OK, so transparency is out. If the ECB is to be truly independent, then it has to be so in private, he seemed to be saying. This is probably not such a good sign, demonstrating that Mr Duisenberg does not understand markets as fully as he should. If the markets know nothing about the decision- making process, they will speculate even more actively. Will it be the Italians, Spanish, Germans or perhaps even the Irish who get the upper hand in monetary policy this month? All this will be grist to the speculators' mill. There is a real chance of chaos as politicians trumpet their national interest into this vacuum of knowledge.

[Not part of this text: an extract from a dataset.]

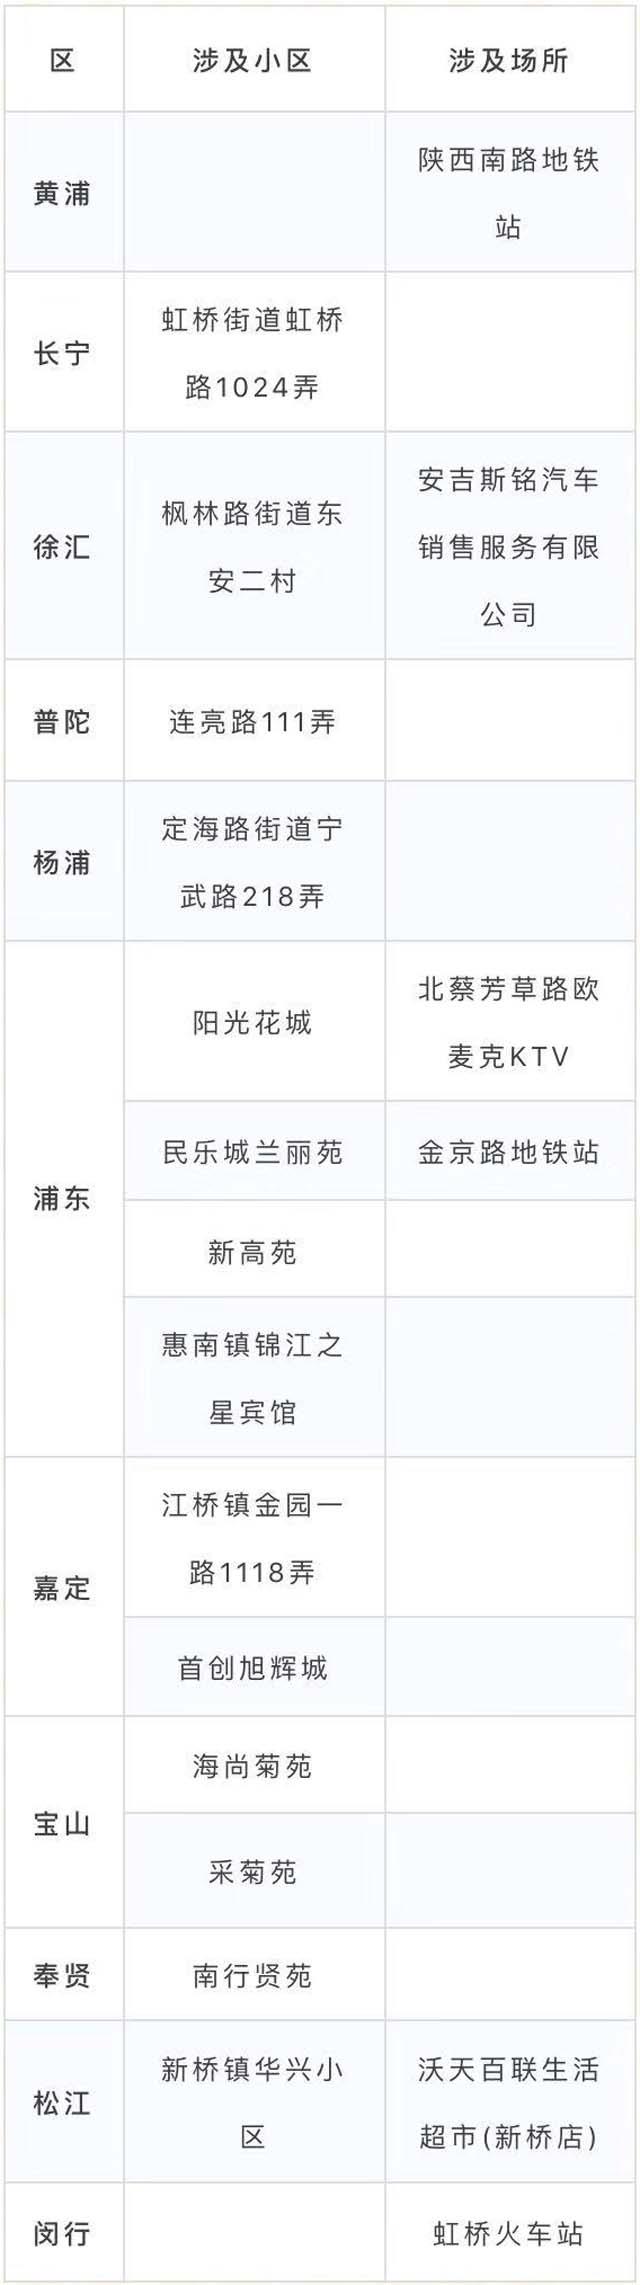 地下作旧产业调查 了望东方周刊_上海11个重点拆违地地_上海本地调查
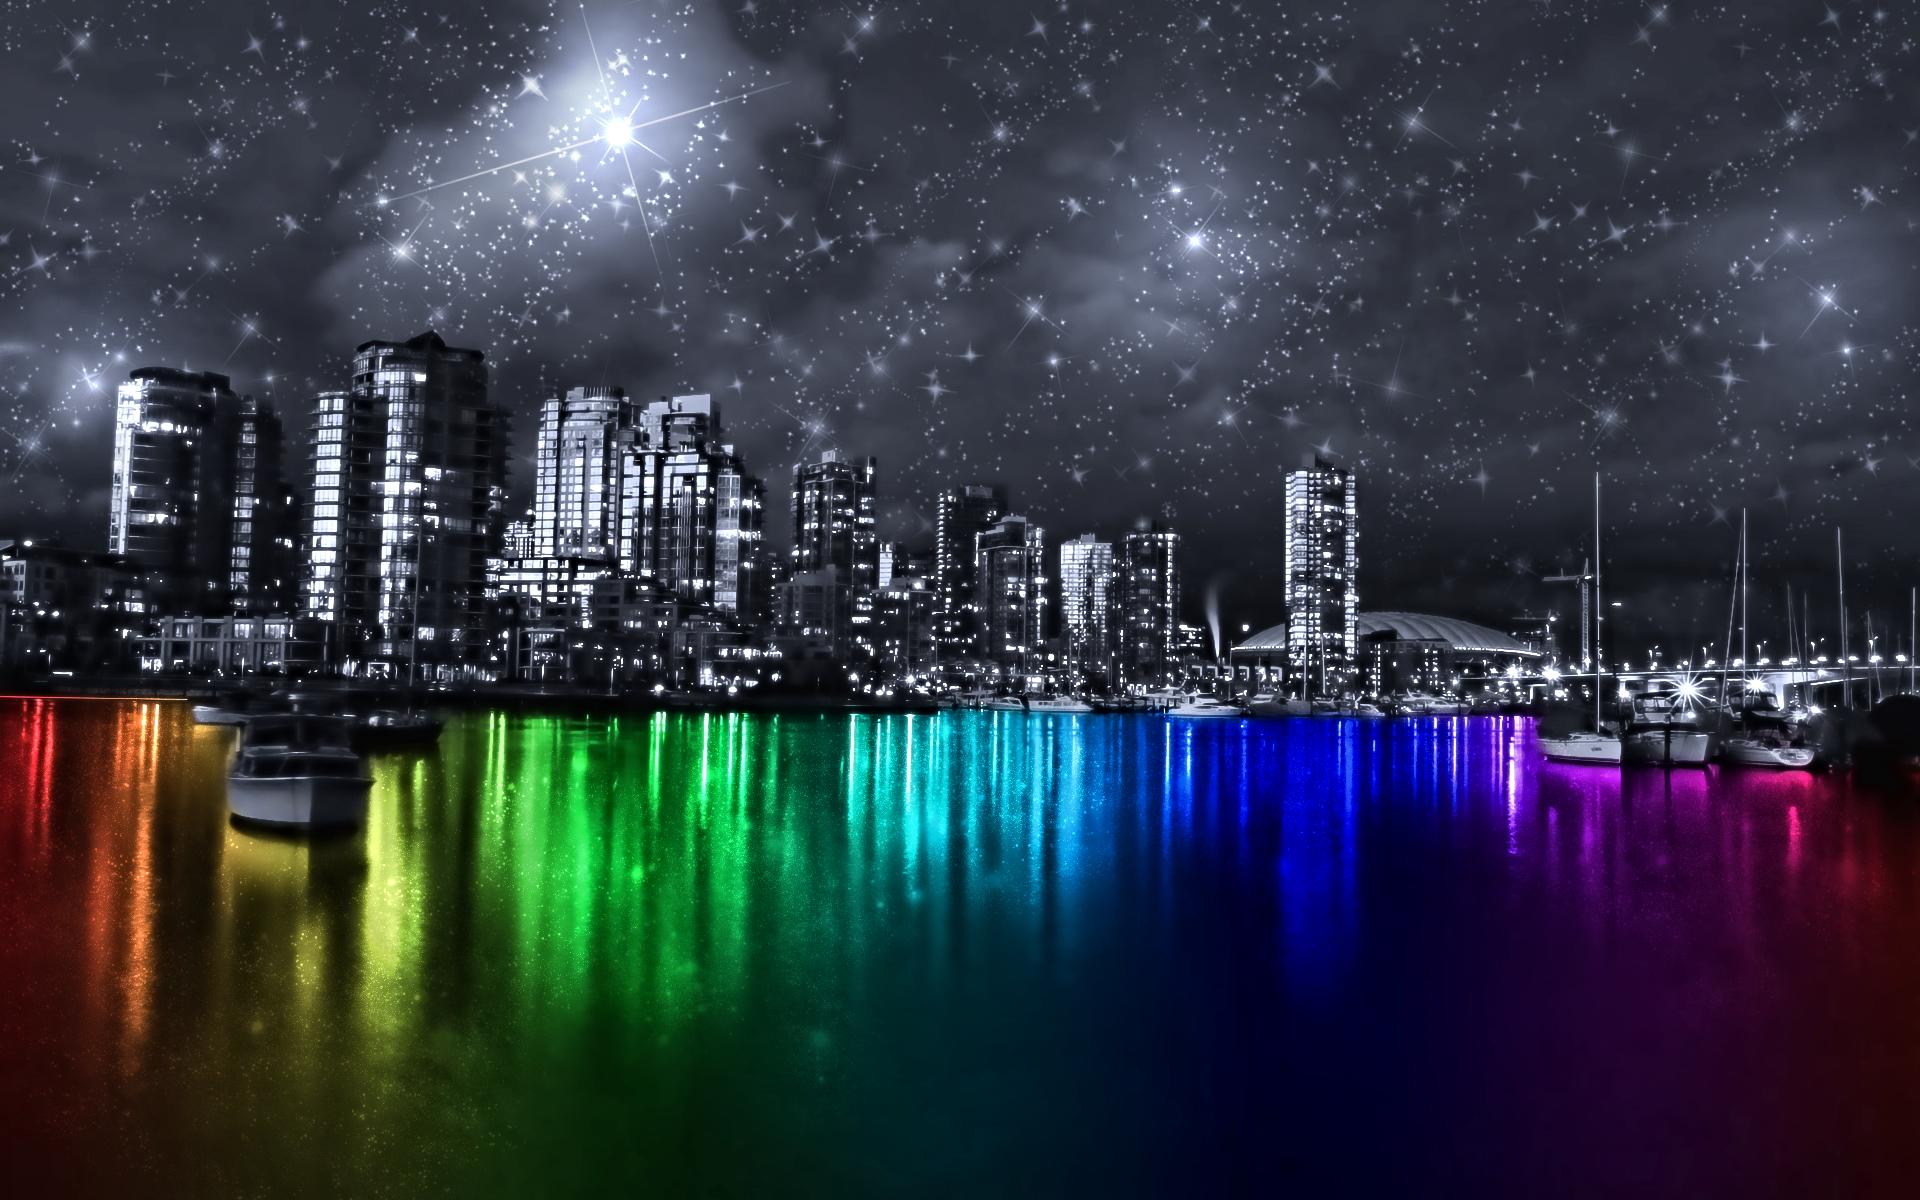 city night art hd - photo #12

Mr Duisenberg is also known as an inflation-busting hawk. Recently he was voted in a poll of analysts the most hawkish central banker in Europe. Judging by his record, we ought to expect a hard-line, ultra-conservative approach to policy. With the pound already decisively off its peak against the mark, financial markets are beginning to anticipate just that. The change in sentiment is tangible.

Even two months ago it was still fashionable to think of sterling as a safe haven from a weak euro. Now it seems that sterling's strength may have been a cyclical thing after all. Further, the euro might be operated as a hard, strong currency, the more so after last weekend's fiasco, since the ECB will have something to prove. So many European leaders are puffing out their chests and talking in terms of the euro rapidly becoming a reserve currency capable of looking the dollar in the face that perhaps we should expect nothing less.

These are early days, however, and we shouldn't count on any such outcome. The ECB is not De Nederlandsche Bank, the small and perfectly formed central bank where Mr Duisenberg earned his reputation. Keeping the lid on a potentially unruly 17 member multinational board is a different order of challenge altogether. Certainly, this will not be a board capable of being managed on the basis of agreement between gentlemen.